Tip for windows users: you may need to install the python-libmagic binaries with `pip install python-magic-bin`.

Now you can use The Pipe:
```bash
from thepipe_api import thepipe
chunks = thepipe.extract("example.pdf", local=True)
```

Arguments are:
- `source` (required): can be a file path, a URL, or a directory path.
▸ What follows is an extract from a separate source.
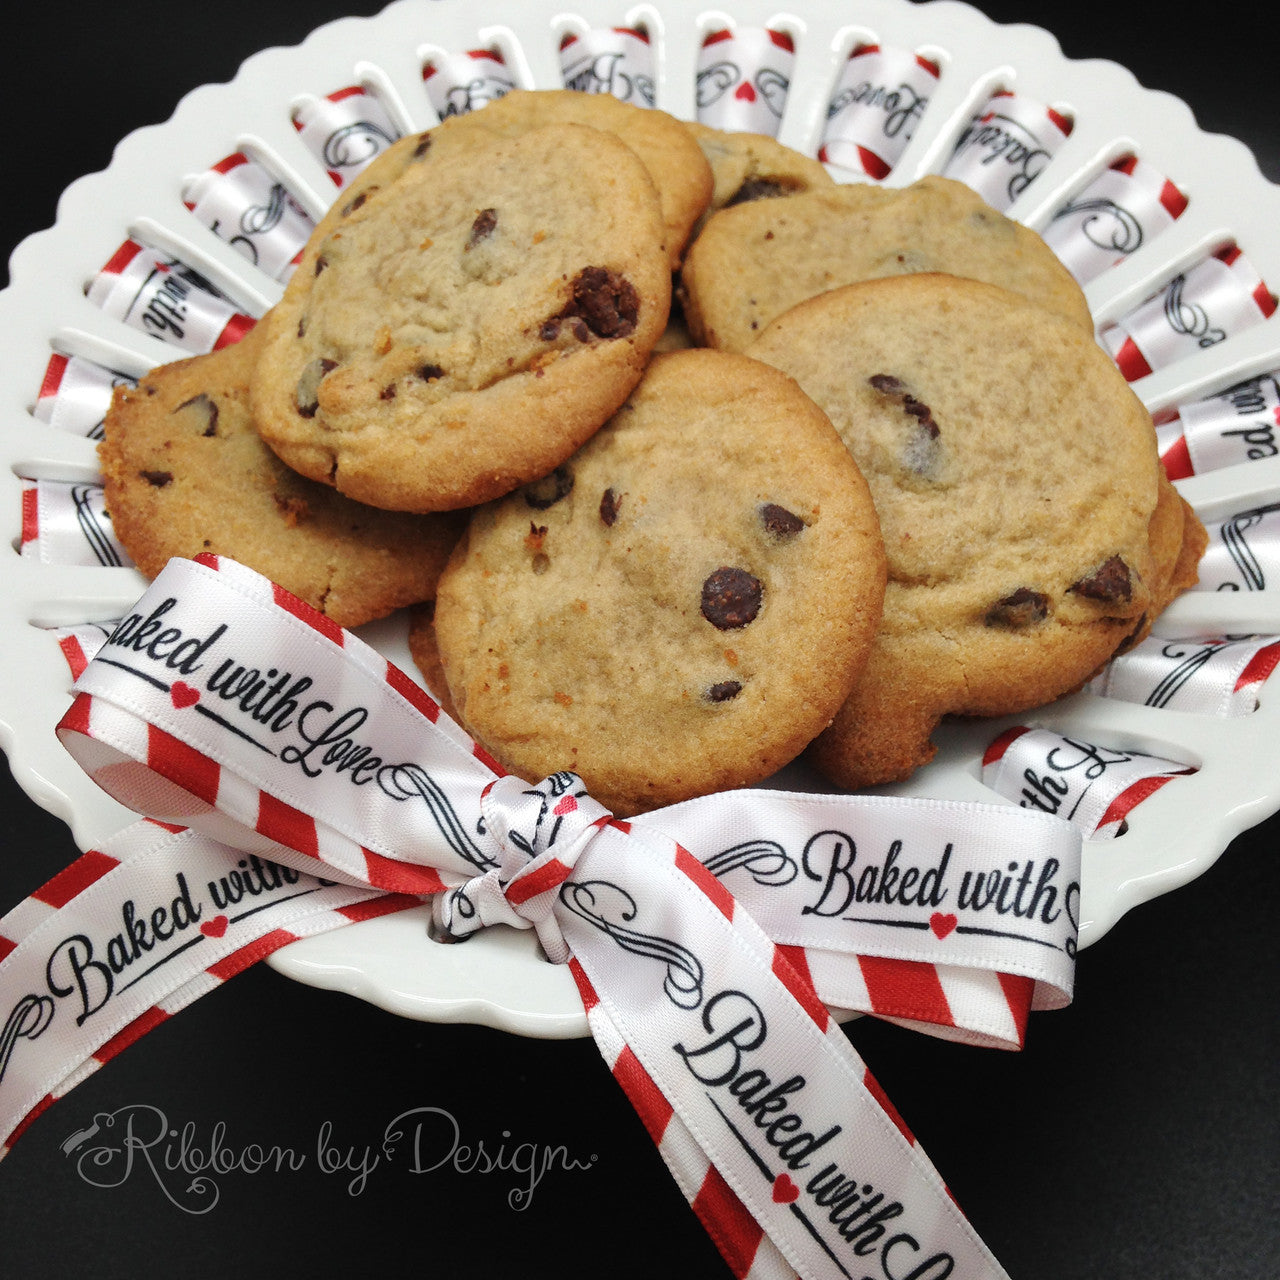 Mixing Baked with Love with our red and white stripes dresses up this cookie plate in style!

- `local` (optional): Use the local version of The Pipe instead of the hosted API.
- `match` (optional): Regex pattern to match files in the directory.
- `ignore` (optional): Regex pattern to ignore files in the directory.
- `limit` (optional): The token limit for the output prompt, defaults to 100K. Prompts exceeding the limit will be compressed.
- `ai_extraction` (optional): Extract tables, figures, and math from PDFs using our extractor. Incurs extra costs.
- `text_only` (optional): Do not extract images from documents or websites. Additionally, image files will be represented with OCR instead of as images.